Lien de subordination

Seulement, Bruxelles n’évolue pas en vase clos et l’environnement juridique actuel s’apparente à une poudrière, du moins dans quelques États membres. Venant de France, d’Espagne, des Pays-Bas ou d’Italie, une série de décisions législatives, de litiges et de jurisprudences pèsent également dans la balance et orientent les discussions. Si ces décisions au cas par cas ne sont pas toujours suivies d’un effet de ricochet, certaines juridictions ont ainsi entrepris de définir et de qualifier la nature juridique de la relation contractuelle entre ces travailleurs et ces plateformes. En raison d’un faisceau d’indices comme la géolocalisation, des conditions de fixation de tarifs et du pouvoir de sanction-déconnexion, celles-ci ont majoritairement tranché en faveur de l’existence d’un lien de subordination. Même au Royaume-Uni, suite à une décision de la Cour suprême reconnaissant aux chauffeurs Uber un statut tiers de « workers » (catégorie intermédiaire entre les employés et les indépendants), ceux-ci peuvent désormais prétendre à un salaire minimum, bénéficier de congés payés et cotiser pour un plan d’épargne-retraite. En Espagne, Deliveroo est en train de peser le pour et le contre d’un éventuel arrêt d’activité après le passage d’une loi sur l’obligation de salarier l’ensemble des coursiers. Ailleurs en Europe, comme Au Danemark à l’issue d’un accord sectoriel entre un syndicat et une organisation patronale, plusieurs plateformes mettent désormais en avant les compensations et avantages sociaux qu’elles sont prêtes à concéder comme un salaire minimal de base et des durées minimales et maximales de travail. En Belgique, le gouvernement fédéral vient d’initier un forum de consultation pour agréger des retours des utilisateurs, des travailleurs et des gestionnaires de plateformes avant d’amorcer une probable évolution législative.

Présomption de salariat

Car sur l’ensemble des discussions en cours sur les droits sociaux, plane à chaque fois l’ombre du levier de la requalification du contrat de prestataire en contrat de travail qui bouleverserait le modèle de développement et d’activité de ces plateformes. « Les différentes décisions de justice n’ont pas toujours amené à un changement, mais ont œuvré à une prise de conscience. Cela montre aussi que la justice est une voie importante qui n’est toutefois pas saisie par l’ensemble des travailleurs », décrit Ludovic Voet. À Strasbourg aussi, le Parlement européen a adopté à la mi-septembre une résolution appelant à un « même niveau de protection sociale que les travailleurs traditionnels de la même catégorie » pour ces « personnes travaillant pour les plateformes numériques », comme dans le domaine de la livraison de repas à domicile.

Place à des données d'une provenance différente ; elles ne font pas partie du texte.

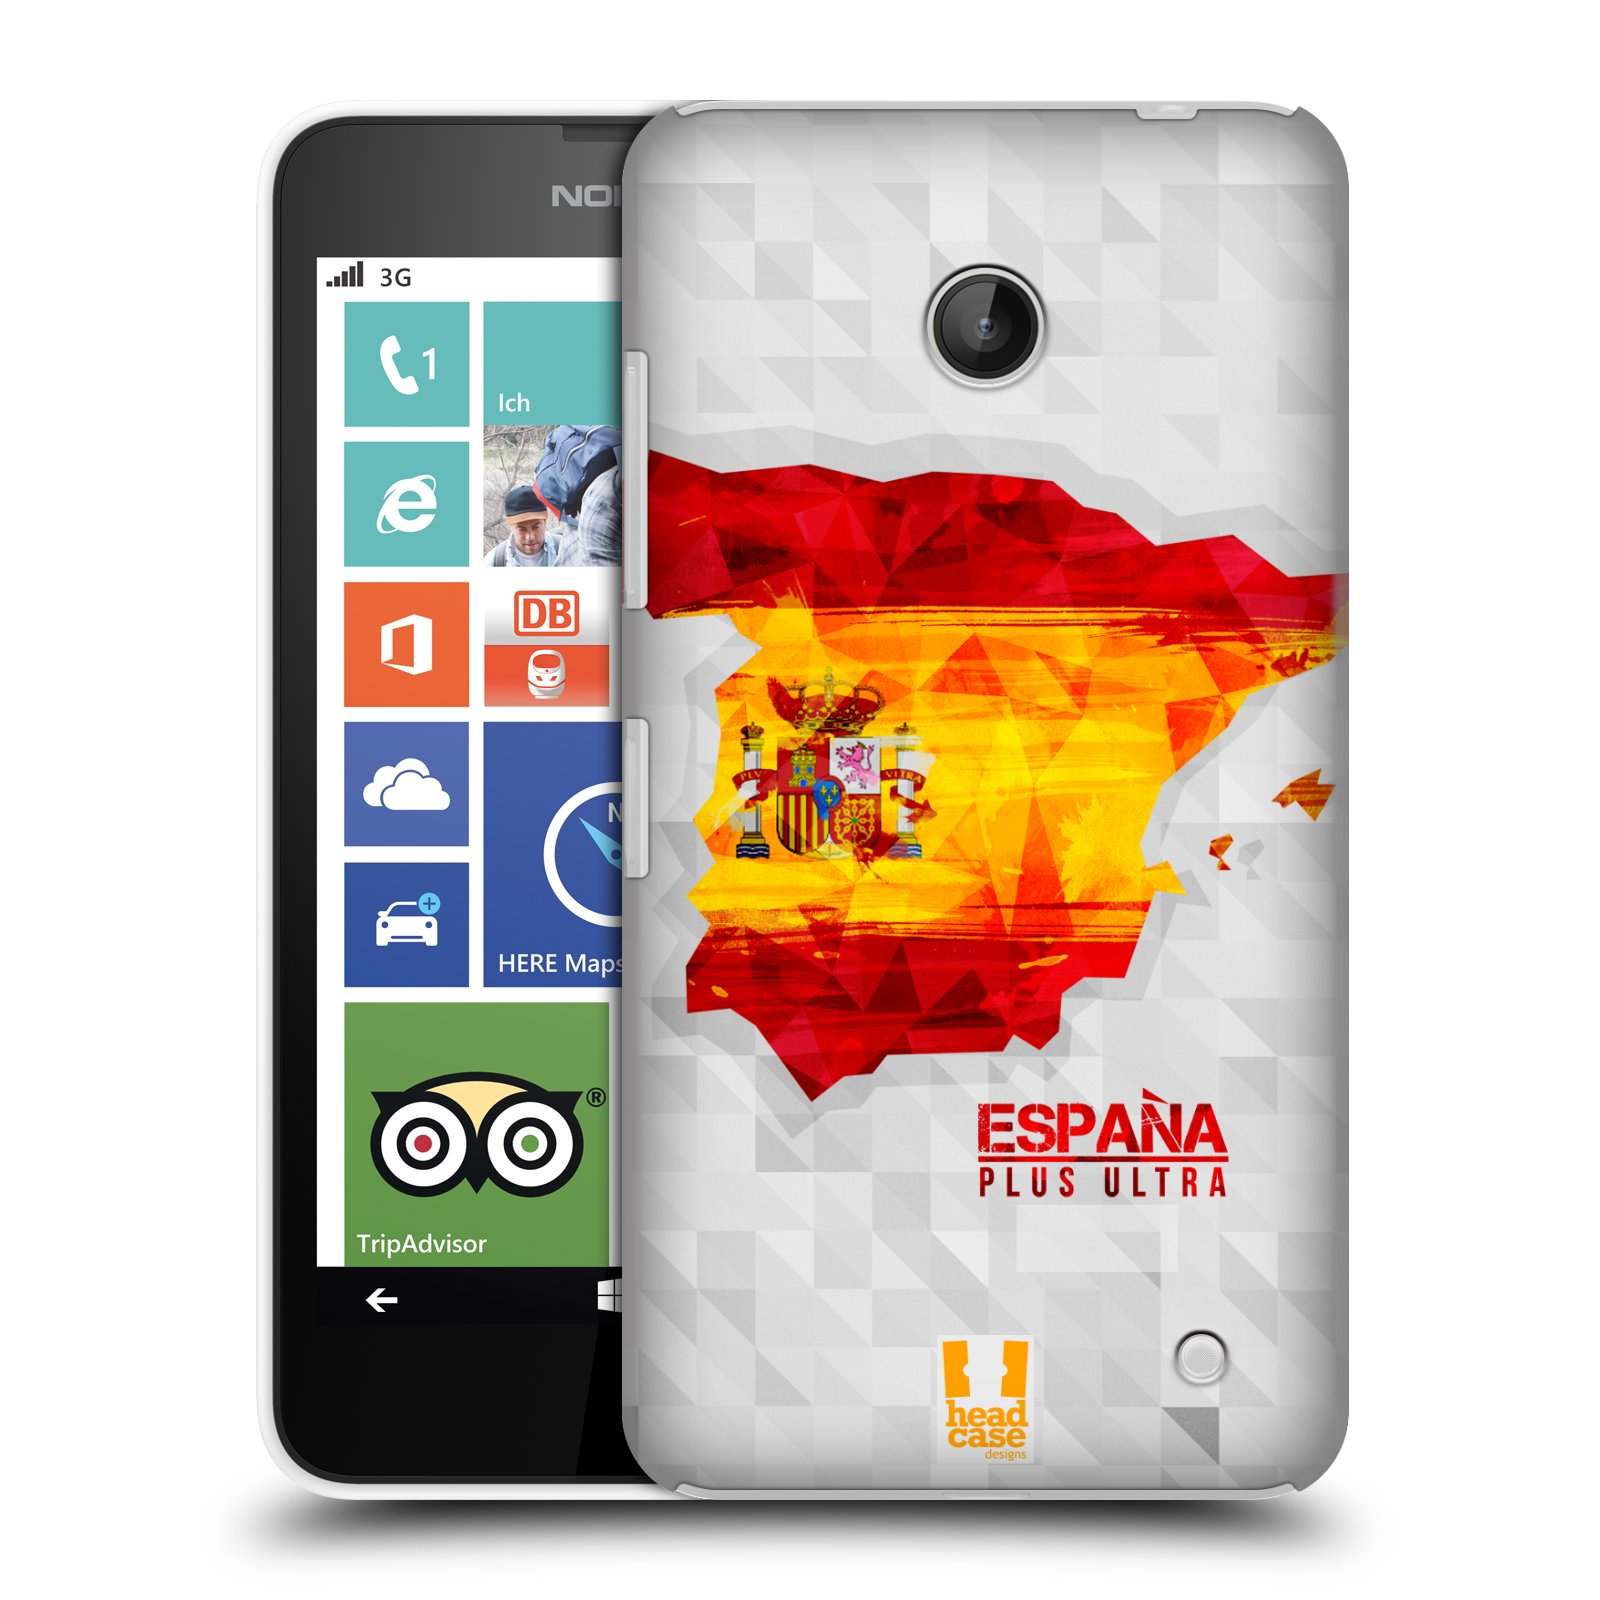 Plastové pouzdro na mobil Nokia Lumia 630 HEAD CASE GEOMAPA ŠPANĚLSKO (Kryt či obal na mobilní telefon Nokia Lumia 630 a Nokia Lumia 630 Dual SIM)

Dans cette résolution à caractère non contraignant, qui ne propose toutefois pas de changement de statut généralisé, une proposition de « renversement de la charge de la preuve » a déjà été saluée par les syndicats salariés, défenseurs d’une « présomption de salariat ». Celle-ci est considérée comme la « seule variable qui changera les règles du jeu », d’après Ludovic Voet qui privilégie cette piste plutôt que des certifications, des procédures administratives ou la création d’un tiers statut. Si celle-ci était effectivement retenue par la Commission européenne, en cas de saisine d’un juge, ce serait désormais à la plateforme de démontrer l’indépendance effective des travailleurs et l’absence d’un lien de subordination. À vrai dire, cette potentielle « présomption irréfragable du statut de salarié » faisait même déjà partie des propositions ébauchées dans un document précédant la première consultation de la Commission européenne.

« Moins le texte sera précis, moins il sera contraignant »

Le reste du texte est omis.